Guide to Italy’s cooperative compliance regime for managing tax risks

Sponsored by

Sponsored_Firms_crowe_valente.jpg
compliance-5936589.jpg

Federico Vincenti and Carola Valente of Valente Associati GEB Partners/Crowe Valente explain the benefits and recently updated provisions of the cooperative compliance regime

The cooperative compliance regime, introduced in Italy by Legislative Decree No. 128/2015 and amended by Legislative Decree No. 221/2023, allows for a constant dialogue between Italian taxpayers and the Italian tax authorities to prevent and resolve tax disputes.

The regime is reserved for taxpayers that achieve a turnover of no less than:

  • €750 million, starting from 2024;

  • €500 million, starting from 2026; and

  • €100 million, starting from 2028.

Taxpayers participating in the regime must have an effective integrated system for detecting, measuring, managing, and controlling tax risks, embedded within the corporate governance and internal control system (tax control framework, or TCF). The system must be capable of ensuring:

  • A clear assignment of roles and responsibilities to various sectors of the taxpayer’s organisation concerning tax risks;

  • Effective procedures for detecting, measuring, managing, and controlling tax risks, ensuring compliance at all corporate levels;

  • Effective procedures to address any deficiencies identified in its operation and to implement the necessary corrective actions; and

  • A mapping of tax risks related to business processes.
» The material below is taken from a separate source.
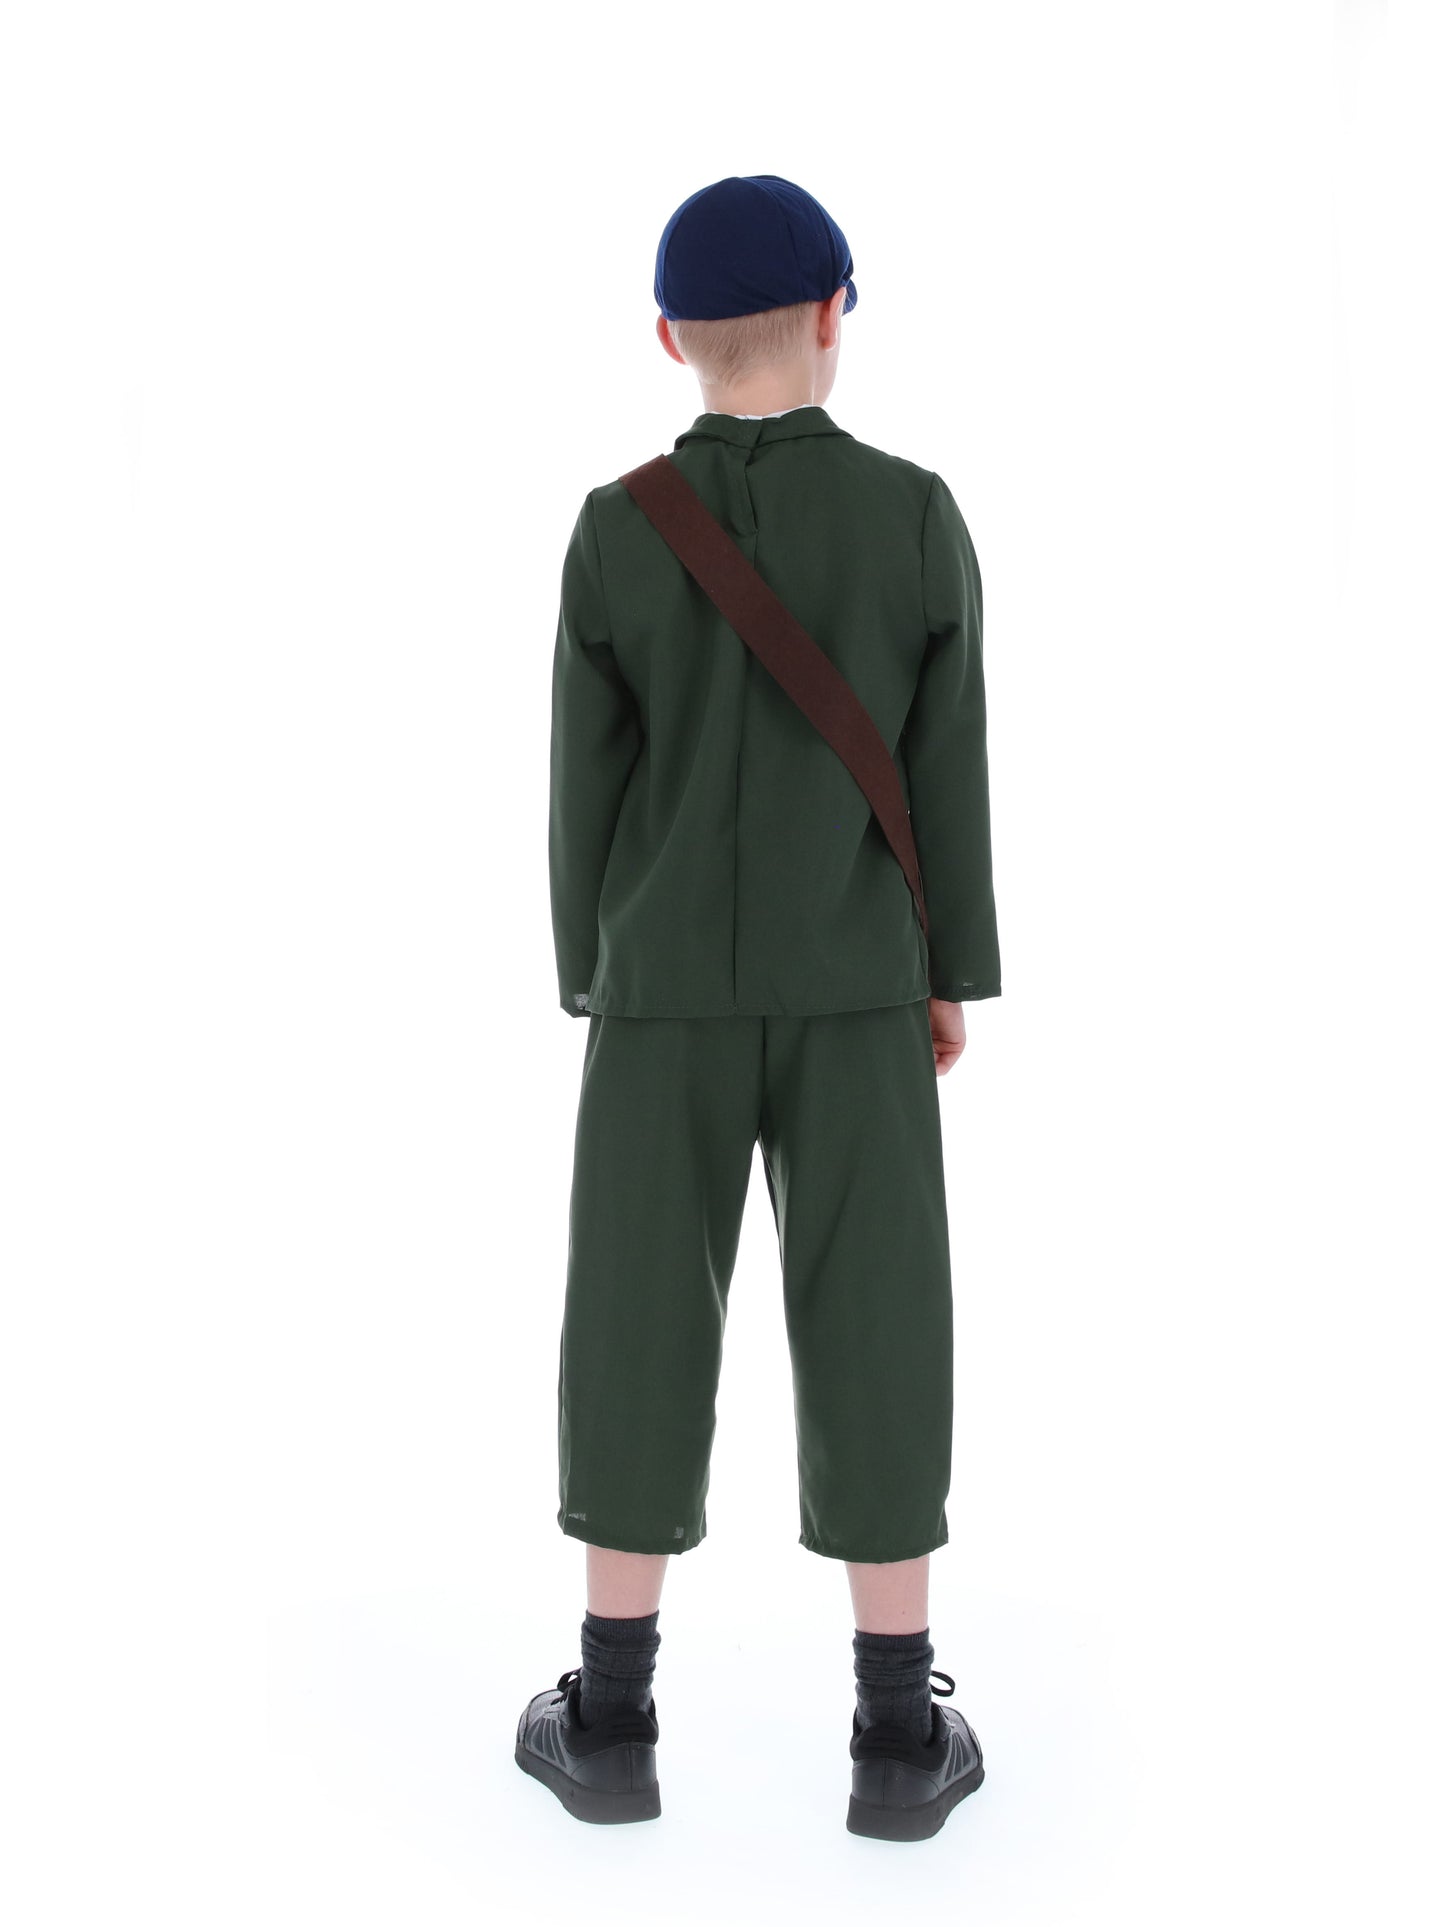 World War II Evacuee Boy Costume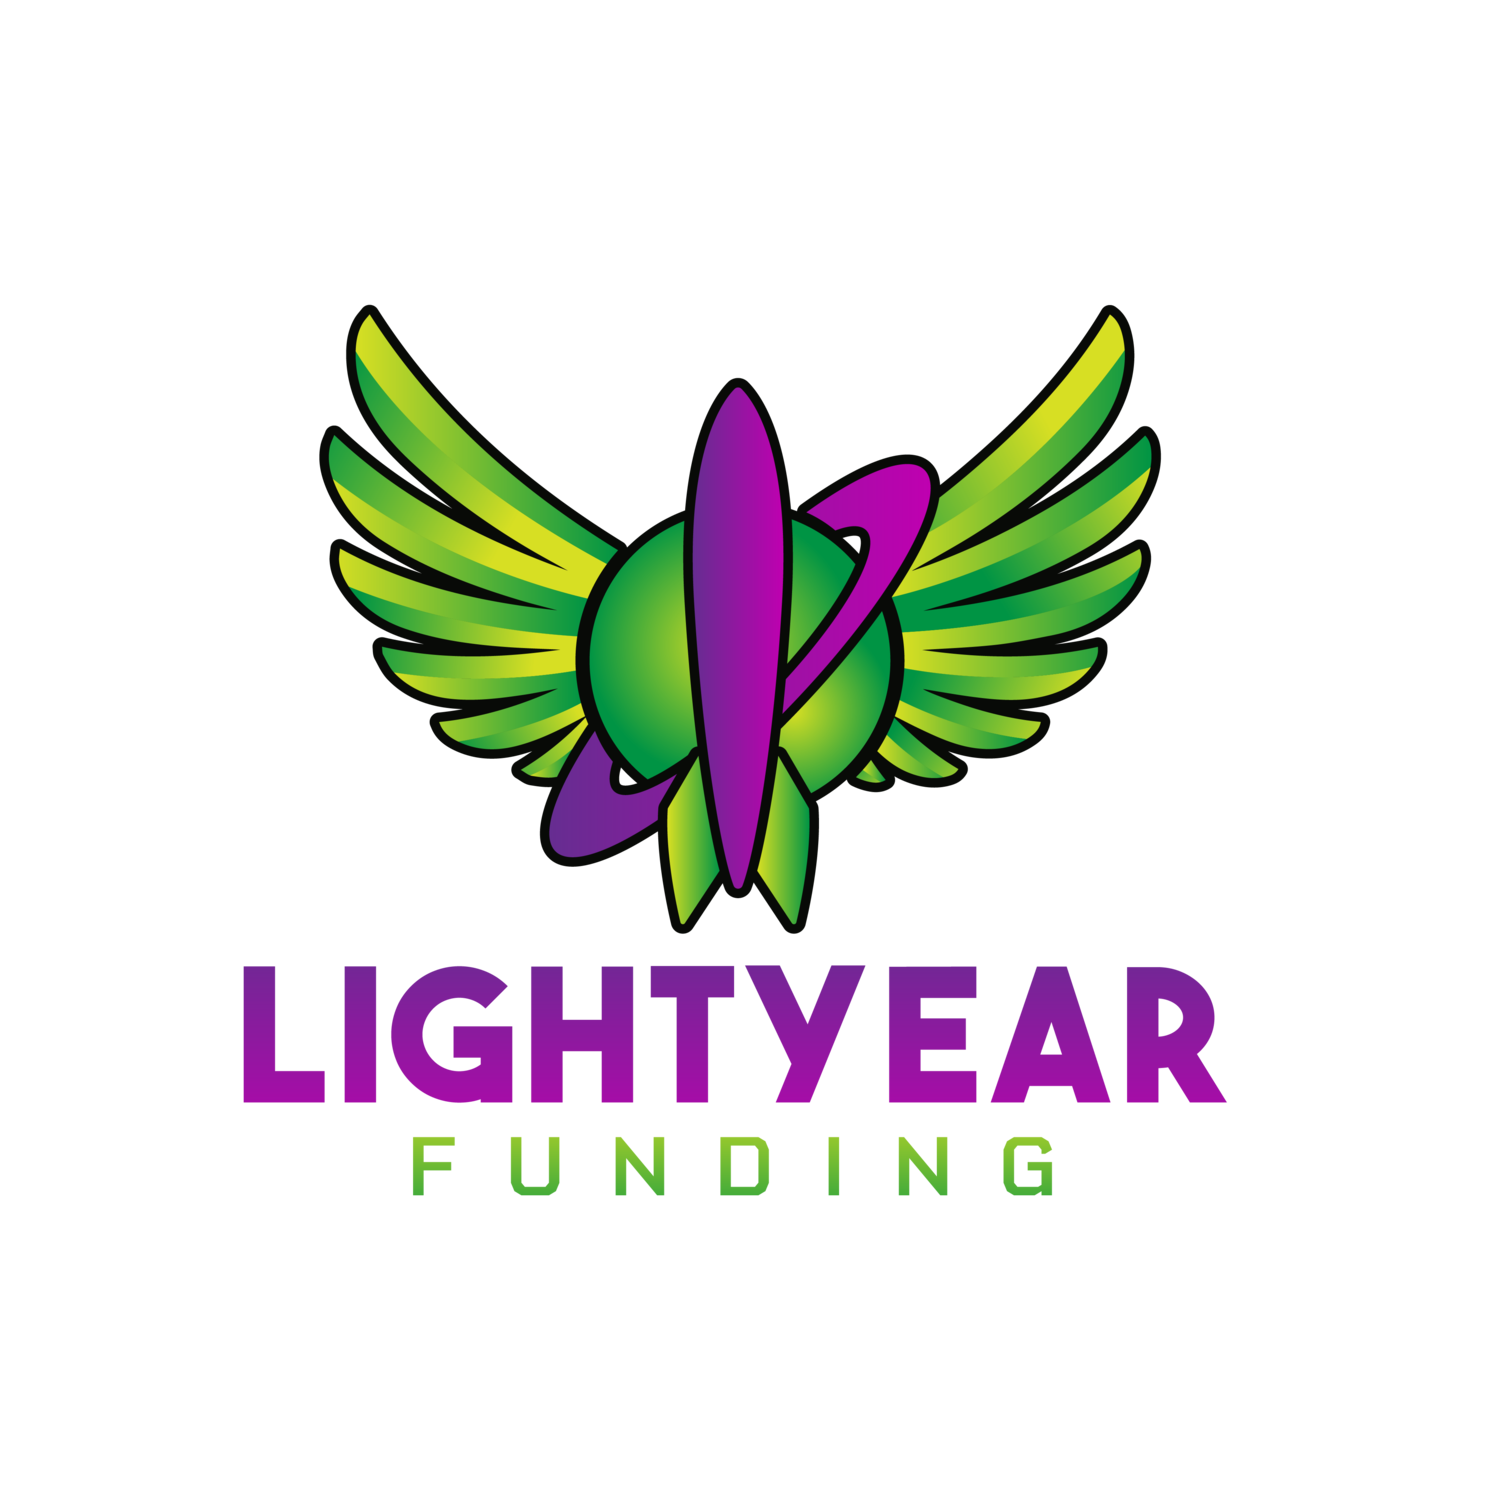 Lightyear Funding

The TCF must be certified, including its compliance with accounting principles, by independent professionals who possess specific expertise and are registered in the bar association or the register of certified public accountants and accounting experts.

The requirements for qualified professionals, as well as their tasks and obligations, will be regulated by a decree from the Ministry of Economy and Finance in agreement with the Ministry of Justice, after consulting the respective professional associations.

Benefits for companies

Access to the regime provides several rewarding effects for companies, such as:

  • An expedited preliminary ruling procedure in which the Italian tax authorities commit to responding to companies’ queries within 45 days from receipt of the request or any additional requested documentation;

  • Procedures for regularising the taxpayer’s position if adhering to the Italian tax authorities’ indications requires self-corrections;

  • A complete waiver of administrative penalties for tax risks reported in a timely and comprehensive manner;

  • The halving of penalties for conduct related to non-significant tax risks included in the risk map;

  • An exemption from providing guarantees for direct and indirect tax refunds for the entire period of participation in the regime;

  • The possibility of initiating a dialogue within the regime, even regarding situations concerning previous fiscal years, within 120 days of admission to the regime;

  • A ground for non-punishment for criminal offenses; and

  • A reduction of the limitation periods for assessment activities by the Italian tax authorities.

The Code of Conduct

On June 7 2024, the Ministerial Decree of April 29, 2024, concerning the Code of Conduct related to the Cooperative Compliance Regime (the Code of Conduct), was published in the Official Gazette.

The Code of Conduct aims to define the commitments mutually undertaken by the Italian tax authorities and taxpayers participating in the regime. Such commitments bind the parties from the tax period during which the request to join the regime is submitted to the Italian tax authorities.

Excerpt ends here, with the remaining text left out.